If you are in your first few months of drumming you SHOULD have this in your collection and be actively working from it IMO, if not I'd recommend you at least give it the time of day and check it out. And when you do and you think bloody hell that lowender's a good lad this is a great book... mine's a pint of the black stuff ;)
 

JetBlack

Junior Member
Has anyone ever tried either Drumming for Dummies or "An Idiots guide to: Drumming"?

Both come with a CD.
 

Garvin

Pioneer Member
Title: Pure Energy (Tony Royster Jr.)

Star Rating: ###

Target Audience: Anyone into superfast chops, and R&B/Gospel style drumming.

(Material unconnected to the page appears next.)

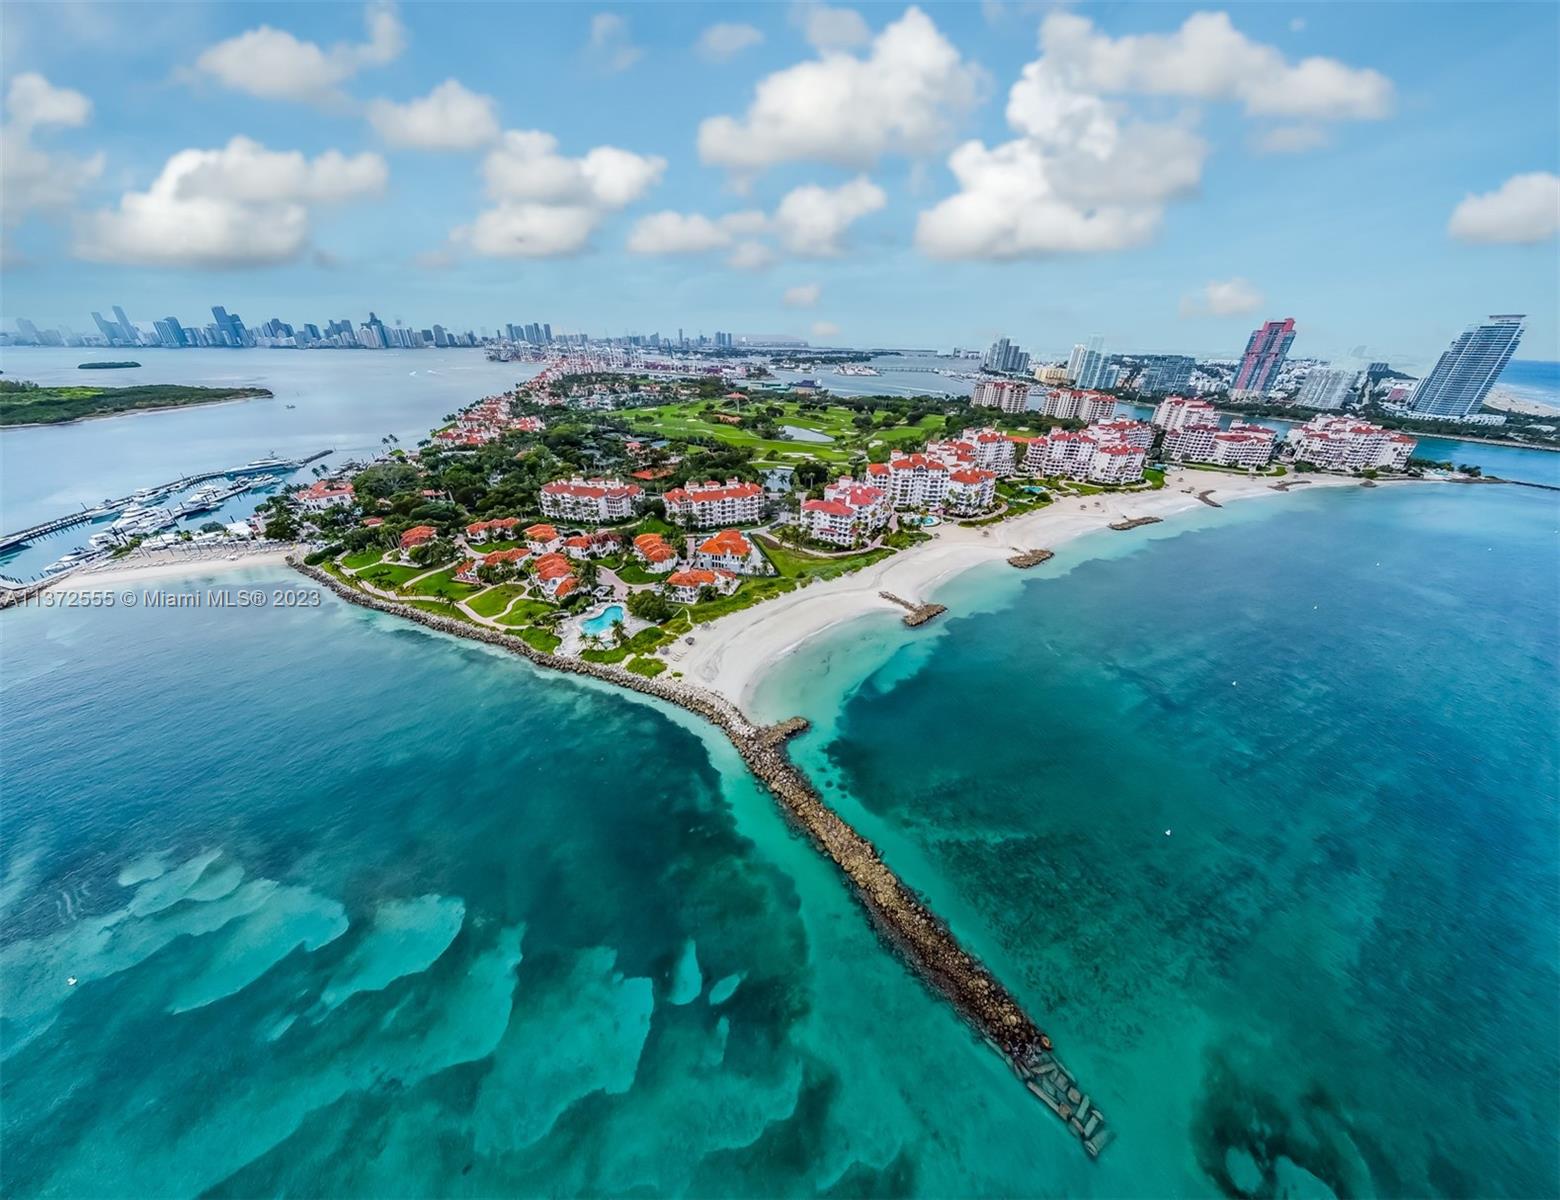 WELCOME TO SEASIDE AT FISHER ISLAND. A RARE OPPORTUNITY AWAITS YOU. ONE OF THE MOST DESIRED LOCATIONS ON FISHER ISLAND JUST STEPS TO BEACH CLUB, PRIVATE BEACH, SPA, GYM, AND POOL. THIS UPDATED UNIT BOASTS 3 BEDROOMS, 2 BATHROOMS. YOUR TROPICAL OASIS AWAITS.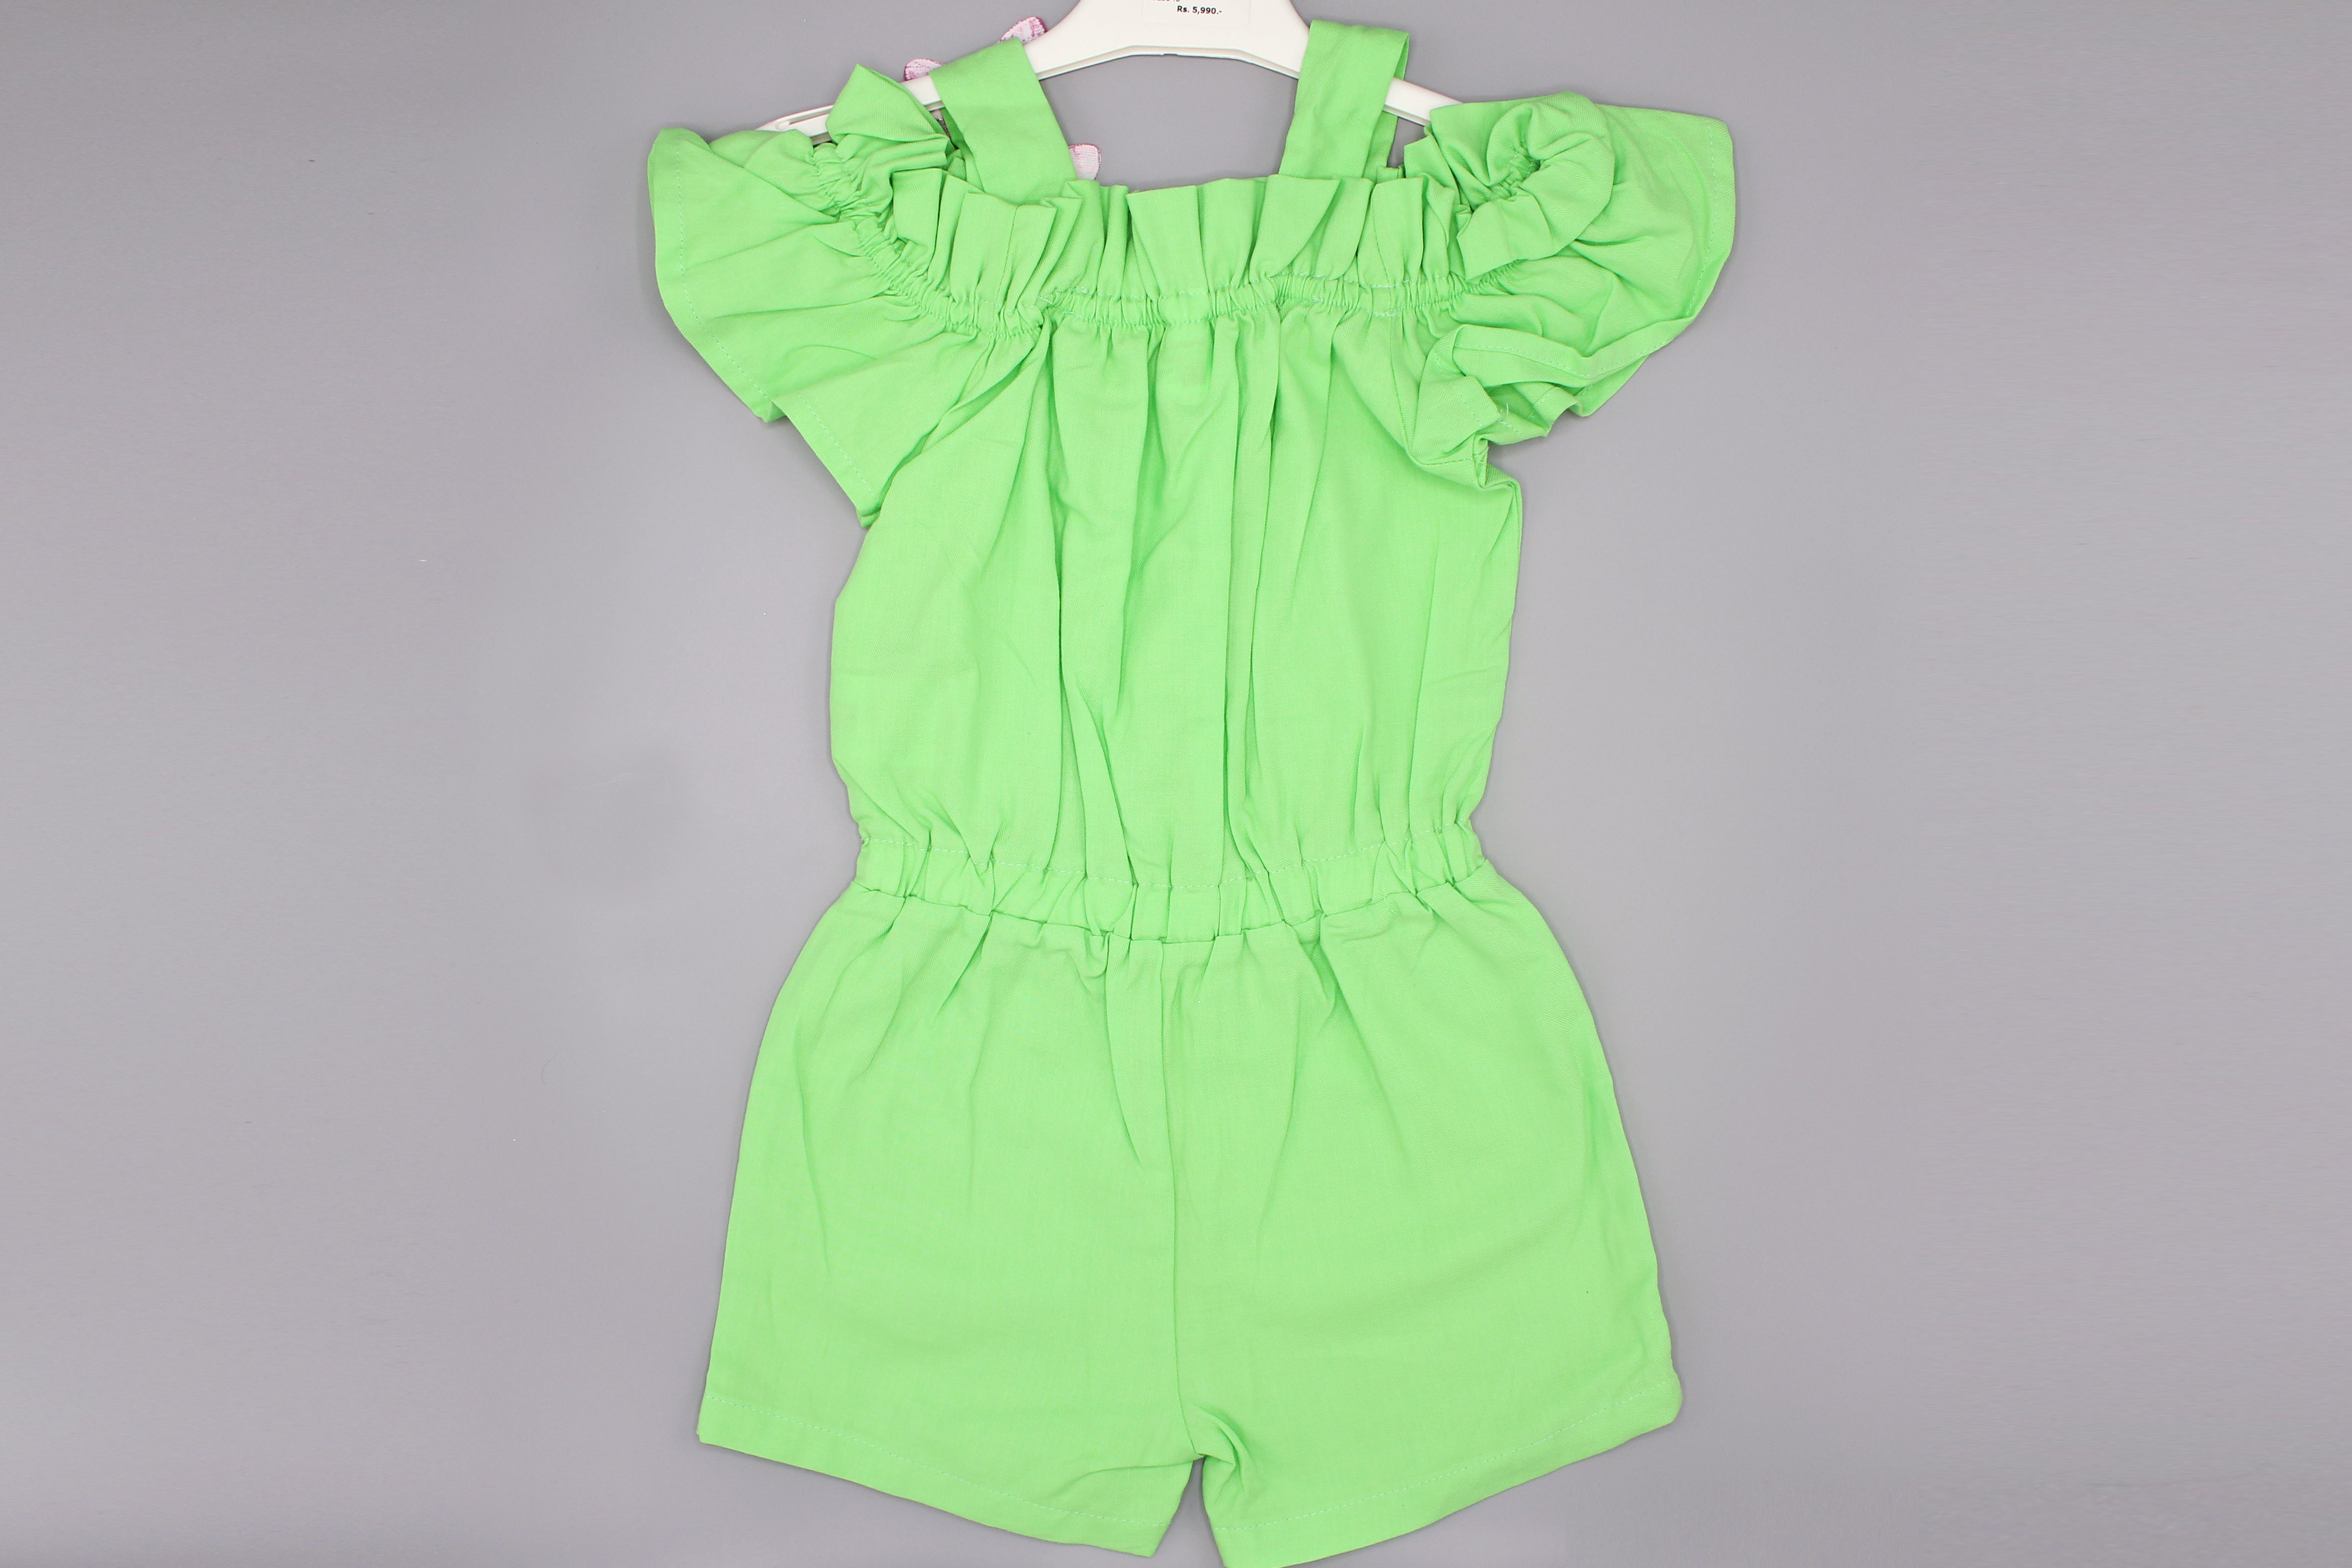 GIRL JUMP SUIT - 29155

Description: This is a great video to watch for entertainment purposes. There are several pieces with his band, a duet section w/ Nisan Stewart. There is a really cool slide show of his trip to the DW shop, and some pretty good exercises. It's not a very in depth learning video, but if you are a good self-taught drummer, you'll probably be able to pull some good ideas out of this. Other than that, it showcases his inhuman speed and agility on a huge drum-set.